To solve this problem, we need to determine the velocity of the passenger relative to the ground. We have two velocities to consider: 1. The velocity of the ocean liner, which is traveling due south at \( 18 \, \text{km/h} \). 2. The velocity of the passenger walking toward the rear of the ship at \( 3.0 \, \text{m/s} \). ### Step 1: Convert the speed of the ocean liner to the same units as the passenger's speed. The speed of the ocean liner is given in kilometers per hour (km/h), and we need to convert it to meters per second (m/s) for consistency.

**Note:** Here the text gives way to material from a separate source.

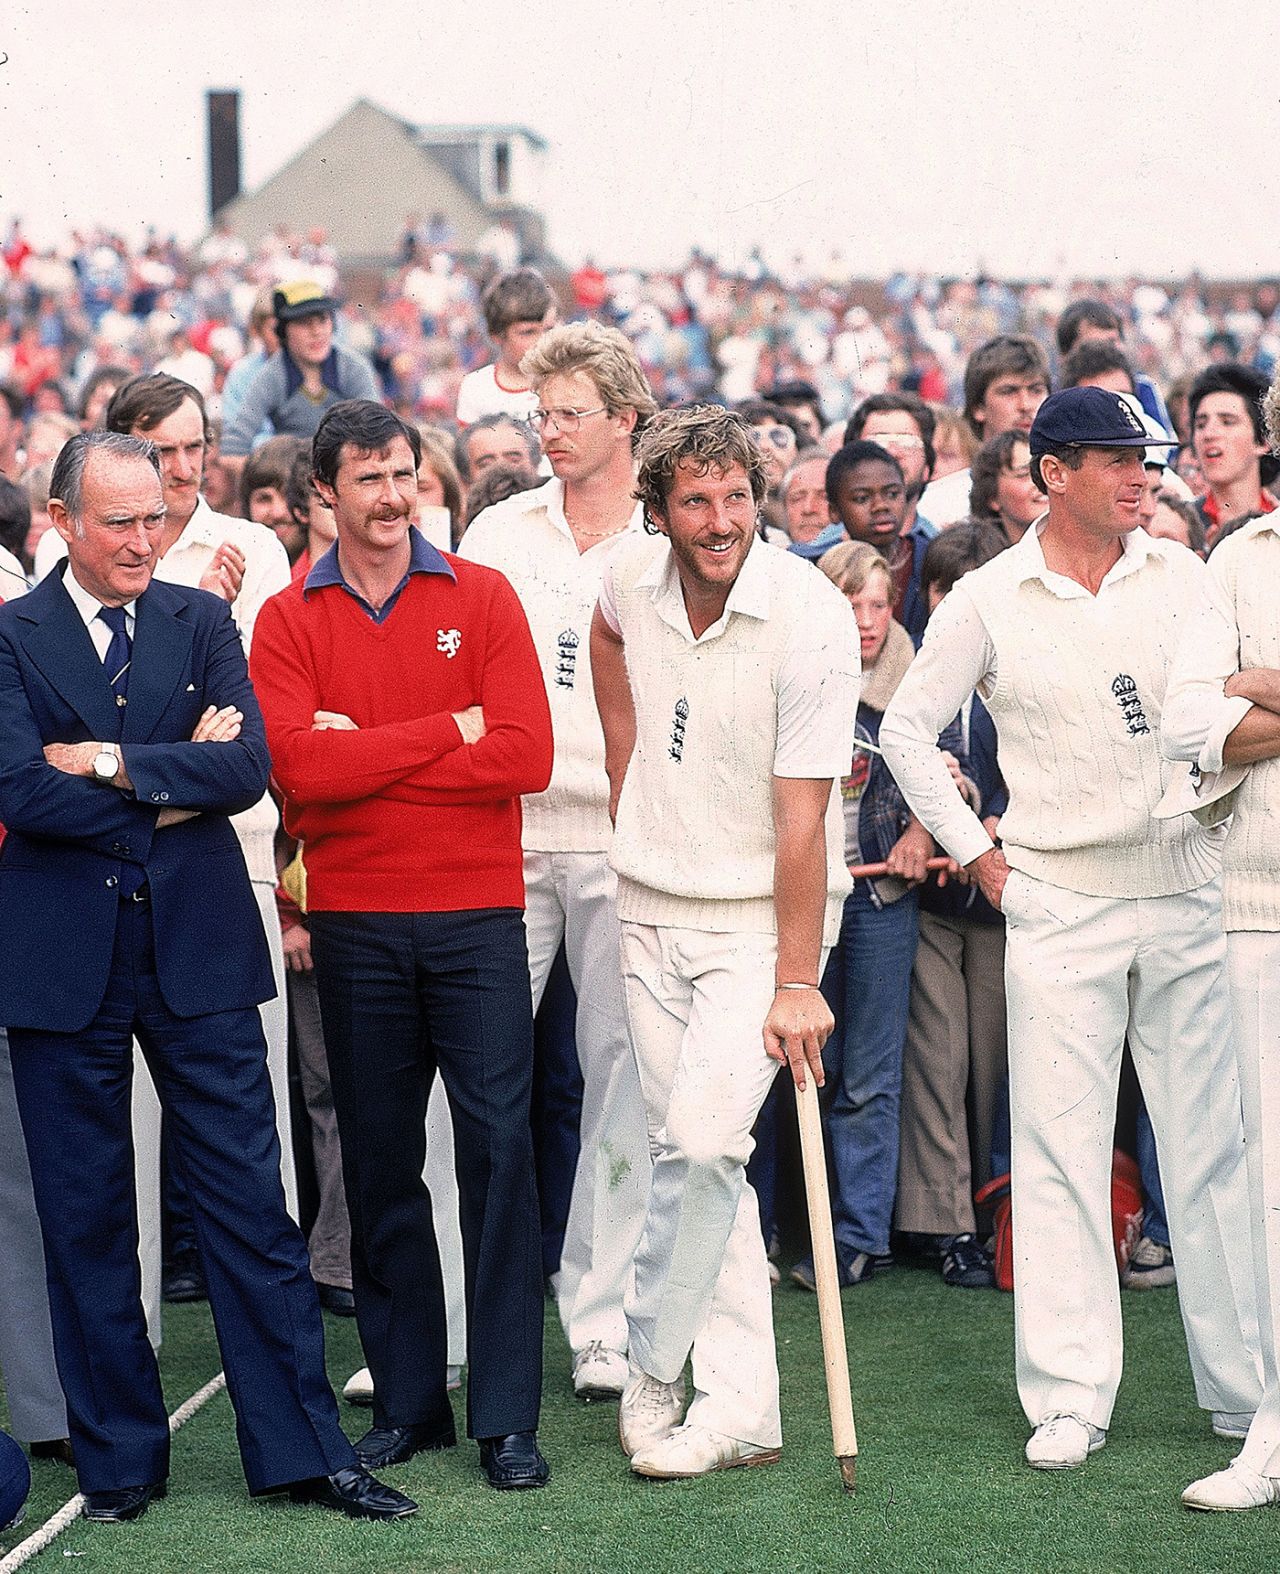 Graham Yallop (red sweater), Ian Botham and Geoff Boycott at the presentation, England v Australia, day five, fifth Test, August 17, 1981
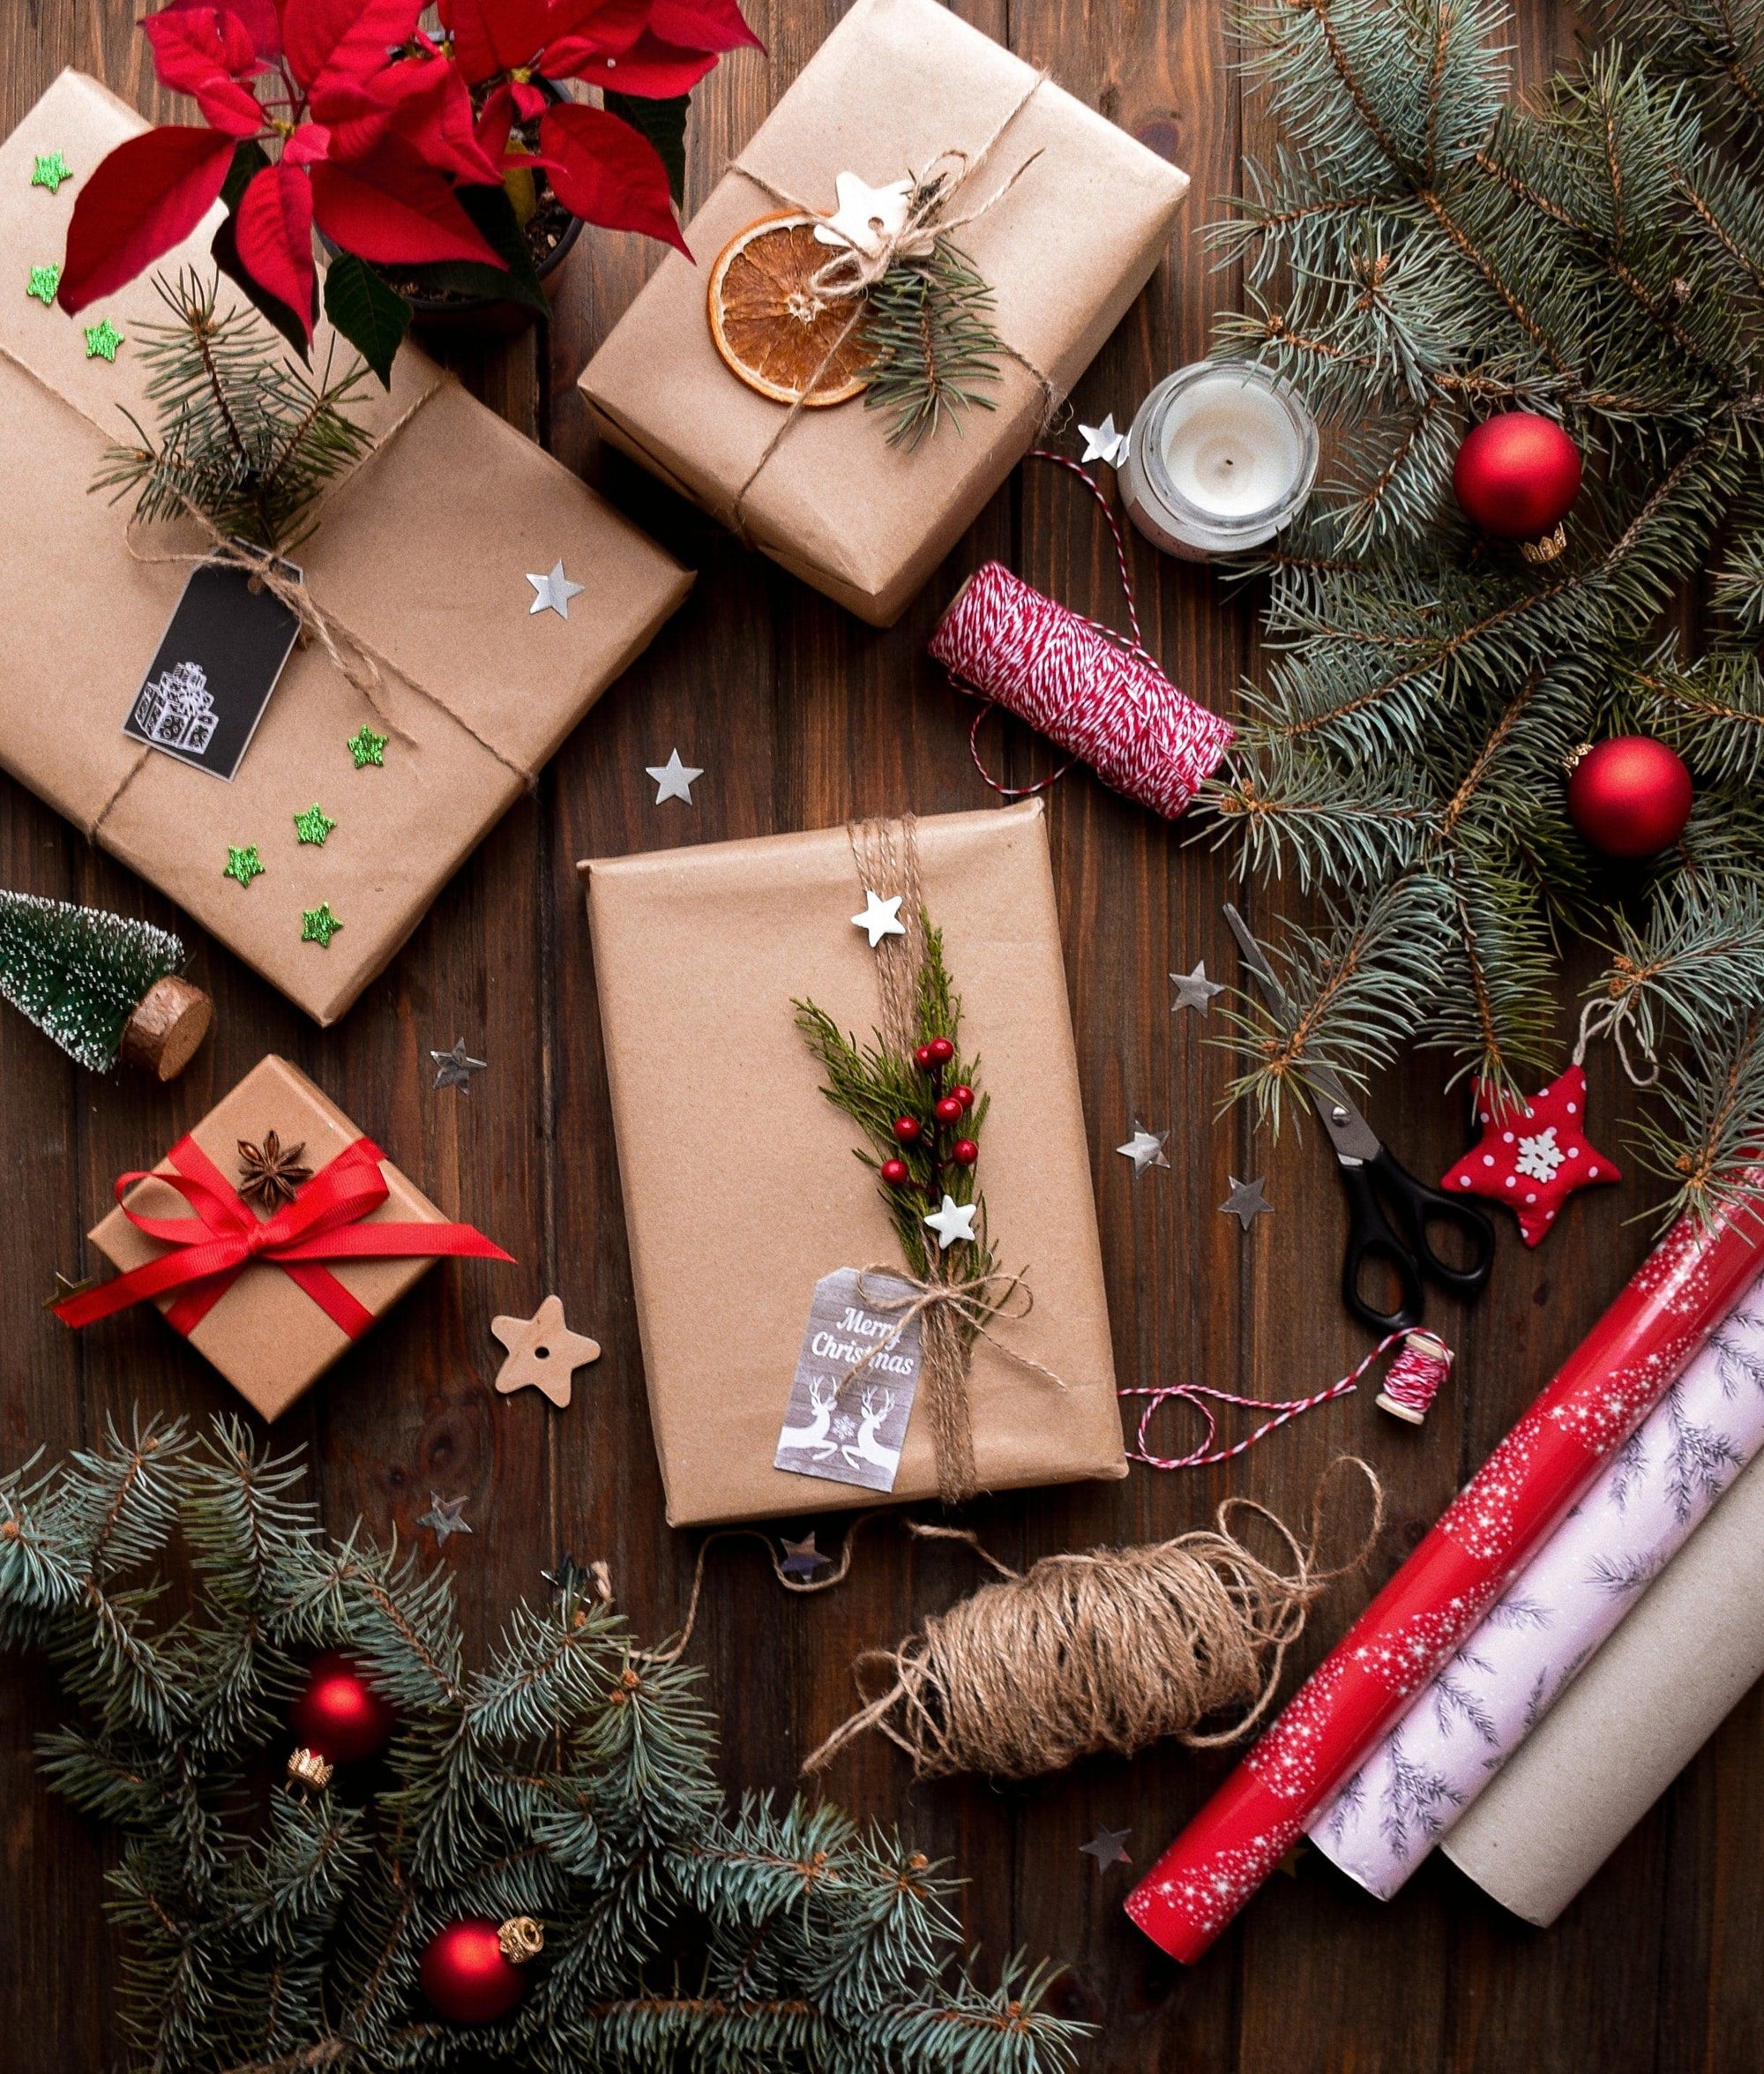 5 Best Rustic Gifts for the Holidays - A Rustic Feeling

The conversion factor is: \[ 1 \, \text{km/h} = \frac{1000 \, \text{m}}{3600 \, \text{s}} = \frac{1}{3.6} \, \text{m/s} \] Now, we can convert \( 18 \, \text{km/h} \) to m/s: \[ v_{\text{liner}} = 18 \, \text{km/h} \times \frac{1}{3.6} \, \text{m/s} \approx 5 \, \text{m/s} \] ### Step 2: Determine the direction of the velocities. - The ocean liner is moving due south, which we can represent as a negative y-direction. - The passenger is walking toward the rear of the ship, which is also in the negative y-direction (since the ship is moving south). ### Step 3: Calculate the relative velocity of the passenger. The velocity of the passenger relative to the ground can be calculated by subtracting the passenger's speed from the liner's speed (both in the negative y-direction): \[ v_{\text{passenger, ground}} = v_{\text{liner}} - v_{\text{passenger}} = 5 \, \text{m/s} - 3.0 \, \text{m/s} = 2 \, \text{m/s} \] ### Conclusion The passenger's velocity relative to the ground is \( 2 \, \text{m/s} \) due south.